Sub-module for data collection utilities.

All post-processed robomimic compatible datasets share the same data structure. A single dataset is a single HDF5 file. The stored data follows the structure provided here.

The collector takes input data in its batched format and stores them as different demonstrations, each corresponding to a given environment index. The demonstrations are flushed to disk when the RobomimicDataCollector.flush() is called for the respective environments. All the data is saved when the RobomimicDataCollector.close() is called.

The following sample shows how to use the RobomimicDataCollector to store random data in a dataset.

import os
import torch

from omni.isaac.lab_tasks.utils.data_collector import RobomimicDataCollector

# name of the environment (needed by robomimic)
task_name = "Isaac-Franka-Lift-v0"
# specify directory for logging experiments
test_dir = os.path.dirname(os.path.abspath(__file__))
log_dir = os.path.join(test_dir, "logs", "demos")
# name of the file to save data
filename = "hdf_dataset.hdf5"
# number of episodes to collect
num_demos = 10
# number of environments to simulate
num_envs = 4

# create data-collector
collector_interface = RobomimicDataCollector(task_name, log_dir, filename, num_demos)

# reset the collector

while not collector_interface.is_stopped():
   # generate random data to store
   # -- obs
   obs = {
         "joint_pos": torch.randn(num_envs, 10),
         "joint_vel": torch.randn(num_envs, 10)
   # -- actions
   actions = torch.randn(num_envs, 10)
   # -- rewards
   rewards = torch.randn(num_envs)
   # -- dones
   dones = torch.rand(num_envs) > 0.5

   # store signals
   # -- obs
   for key, value in obs.items():
         collector_interface.add(f"obs/{key}", value)
   # -- actions
   collector_interface.add("actions", actions)
   # -- next_obs
   for key, value in obs.items():
         collector_interface.add(f"next_obs/{key}", value.cpu().numpy())
   # -- rewards
   collector_interface.add("rewards", rewards)
   # -- dones
   collector_interface.add("dones", dones)

   # flush data from collector for successful environments
   # note: in this case we flush all the time
   reset_env_ids = dones.nonzero(as_tuple=False).squeeze(-1)

# close collector



Data collection interface for robomimic.

Robomimic Data Collector#

class omni.isaac.lab_tasks.utils.data_collector.RobomimicDataCollector[source]#

Bases: object

Data collection interface for robomimic.

This class implements a data collector interface for saving simulation states to disk. The data is stored in HDF5 binary data format. The class is useful for collecting demonstrations. The collected data follows the structure from robomimic.

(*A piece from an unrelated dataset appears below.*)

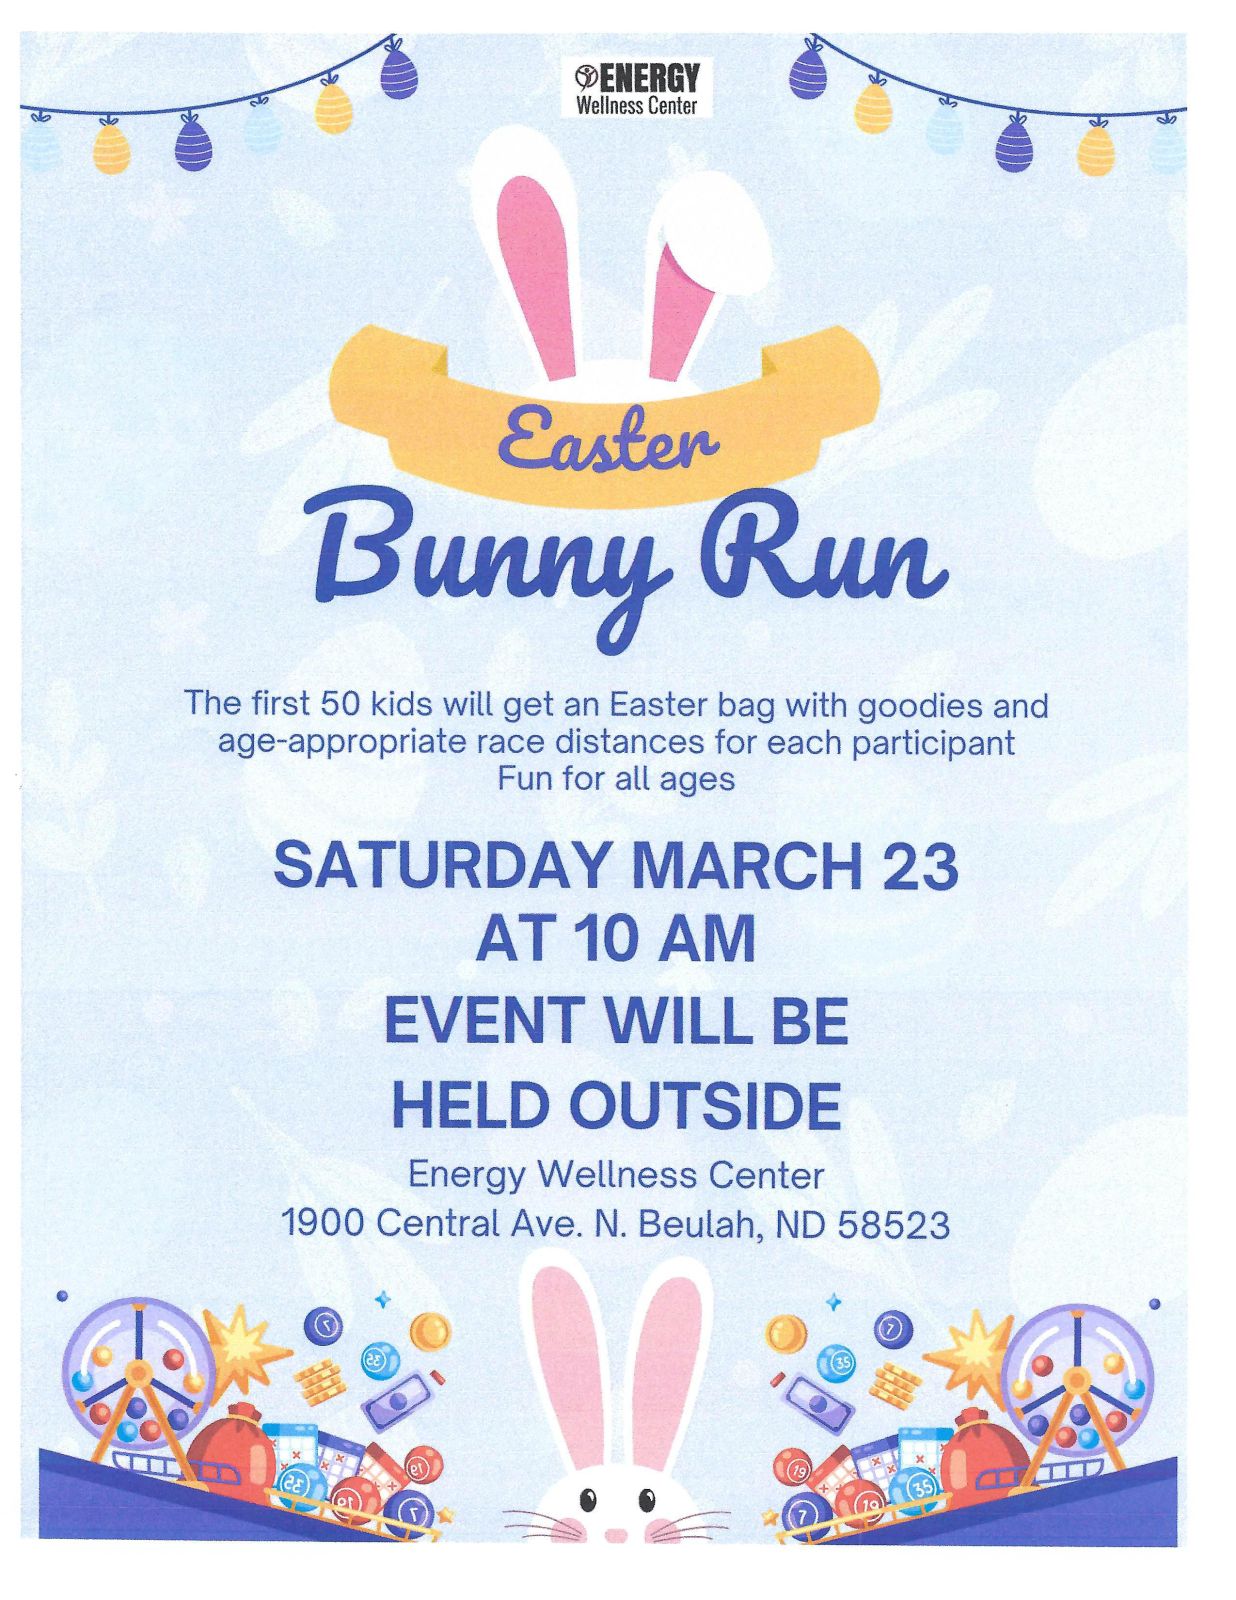 Event Promo Photo For Easter Bunny Run

All datasets in robomimic require the observations and next observations obtained from before and after the environment step. These are stored as a dictionary of observations in the keys “obs” and “next_obs” respectively.

For certain agents in robomimic, the episode data should have the following additional keys: “actions”, “rewards”, “dones”. This behavior can be altered by changing the dataset keys required in the training configuration for the respective learning agent.

For reference on datasets, please check the robomimic documentation.


__init__(env_name, directory_path[, ...])

Initializes the data collection wrapper.


Whether data collection is stopped or not.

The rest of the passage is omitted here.